A new approach to better select breast cancer patients in need of urgent surgery or chemotherapy during the COVID-19 pandemic has been developed by researchers at The Royal Marsden and the Breast Cancer Now Research Centre at The Institute of Cancer Research, London, in collaboration with colleagues in the UK, Germany and US.
The innovative algorithm, using data from multiple international trials, can identify postmenopausal patients with primary ER HER2- breast cancer (c.70% of cases) who have less endocrine-sensitive tumours and who should be prioritised for early surgery or neoadjuvant chemotherapy.
The COVID-19 pandemic has led to an international need to prioritise the number of cancer surgeries and chemotherapy treatments to the most urgent patients to protect staff and vulnerable patients.
While patients diagnosed with triple negative and HER2 positive breast cancer have still been going forward for urgent surgery or chemotherapy, for a large group of patients deferring these treatments and prescribing neoadjuvant endocrine therapy (NeoET), i.e. treatment to reduce the stimulation of the disease by oestrogen without the surgical removal of the breast tumour, has been identified as the best course of treatment.
Development of the new treatment algorithm was led in the UK by researchers working in the Ralph Lauren Centre for Breast Cancer Research at The Royal Marsden and the Breast Cancer Now Toby Robins Research Centre at The Institute of Cancer Research (ICR).
Professor Mitch Dowsett, Head of the Ralph Lauren Centre for Breast Cancer Research at The Royal Marsden and Professor of Biochemical Endocrinology at the ICR, led the collaboration published in NPJ Breast Cancer this week.
The work highlighted that while 85% of patients in whom treatment by surgery is deferred would be safe to remain on NeoET treatment for up to six months, 15% can be identified who are resistant to this treatment and risk disease spread.
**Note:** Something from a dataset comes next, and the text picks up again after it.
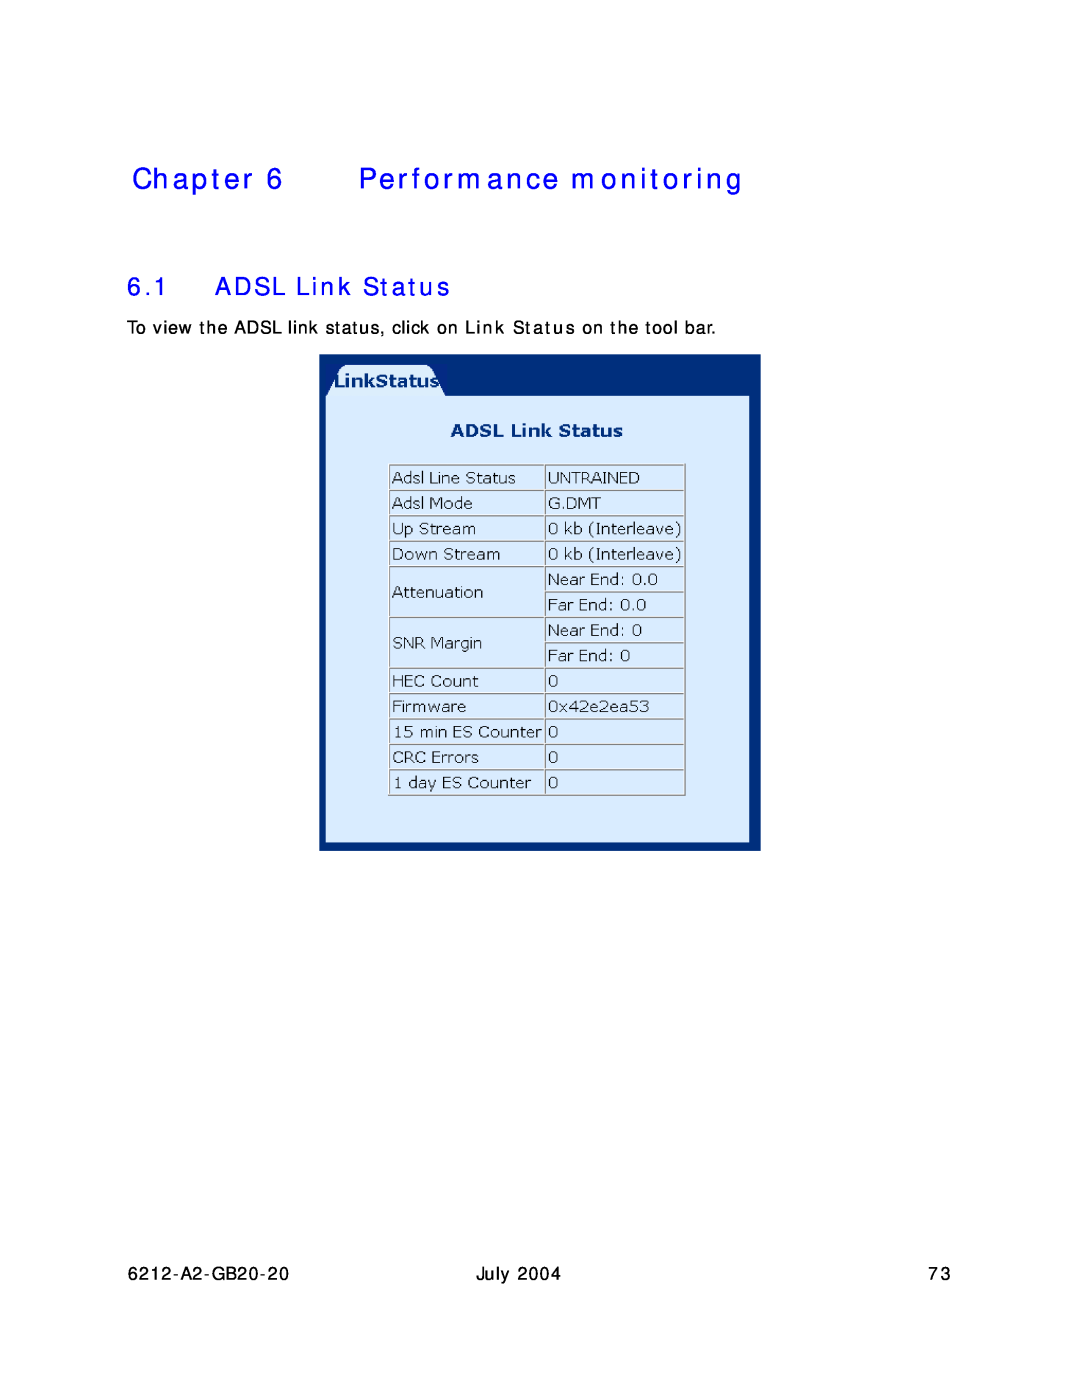 Paradyne 6212 manual Performance monitoring, ADSL Link Status 
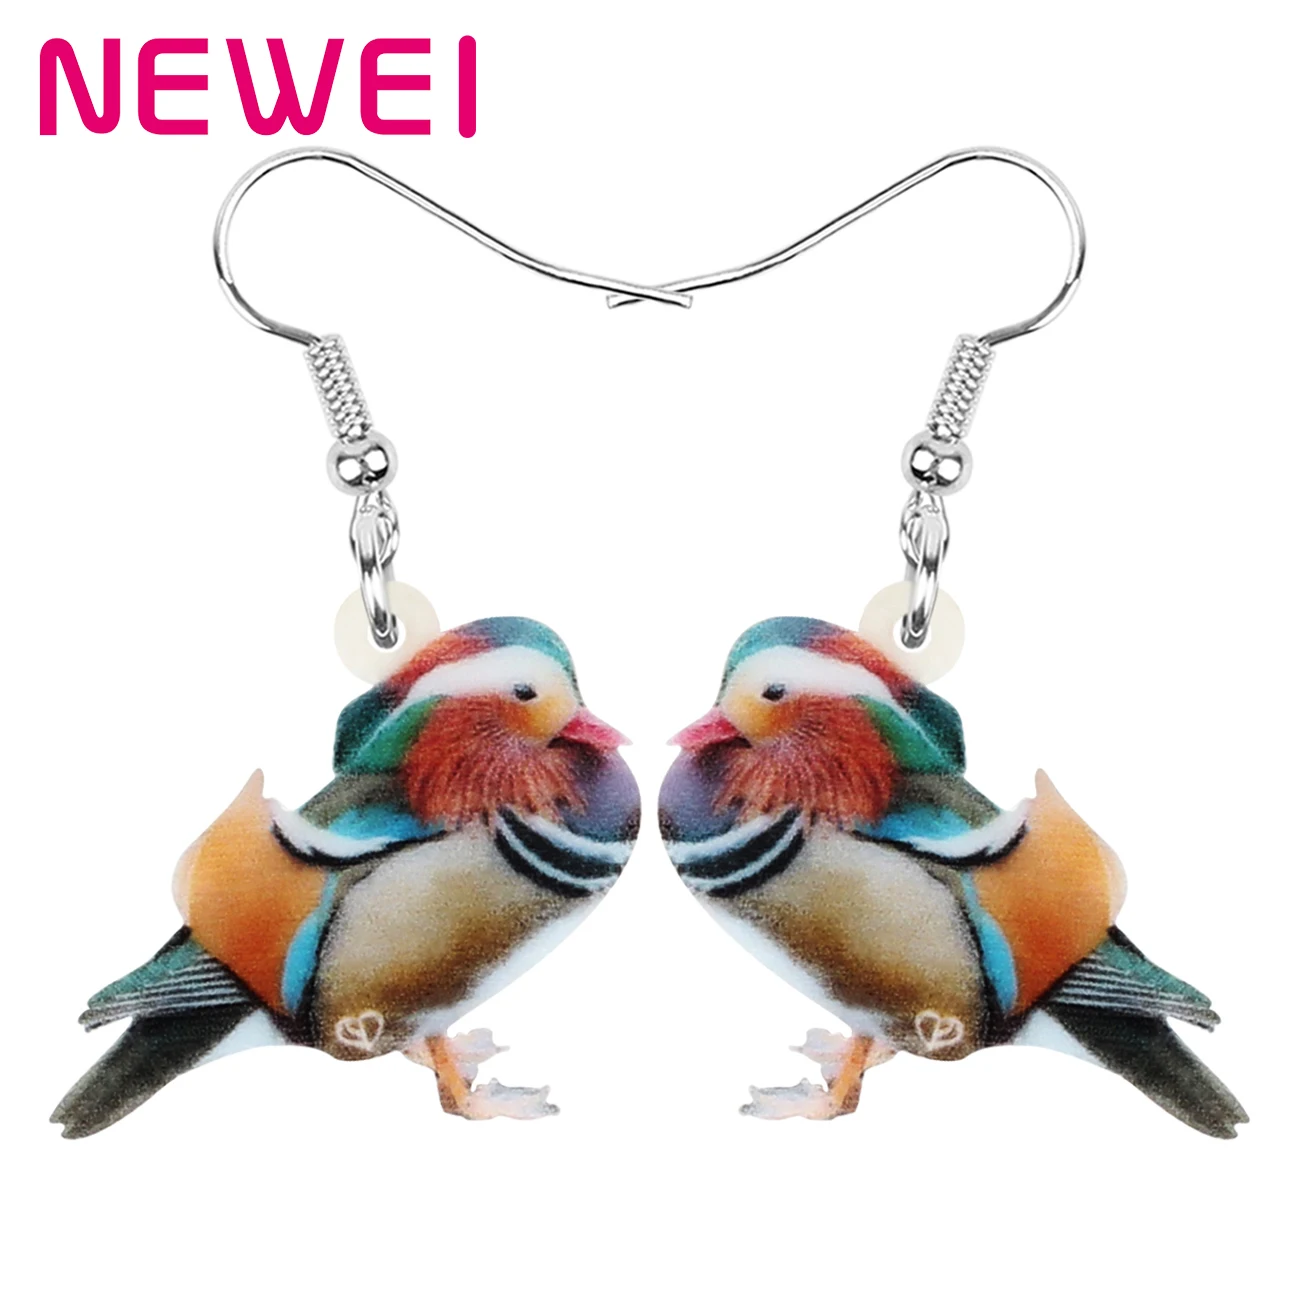 

Acrylic Colorful Mandarin Duck Earrings Bird Drop Dangle Fashion Animals Jewelry For Women Girls Kids Teens Novelty Charms Gifts, Multicolor

Professor Dowsett said: "NeoET can block the tumour from growing successfully for many women but for one in six who are resistant there is a risk the tumour will continue to grow and spread elsewhere.
"By accessing unpublished results from clinical trials involving thousands of patients, with colleagues here and abroad we have developed a new way of directing patients' treatment in this global crisis. Using the data on oestrogen receptor, progesterone receptor and proliferation from the tumour of newly diagnosed patients, our simple new calculator can be used by fellow clinicians worldwide to immediately identify the best course of treatment for about 80% of their patients.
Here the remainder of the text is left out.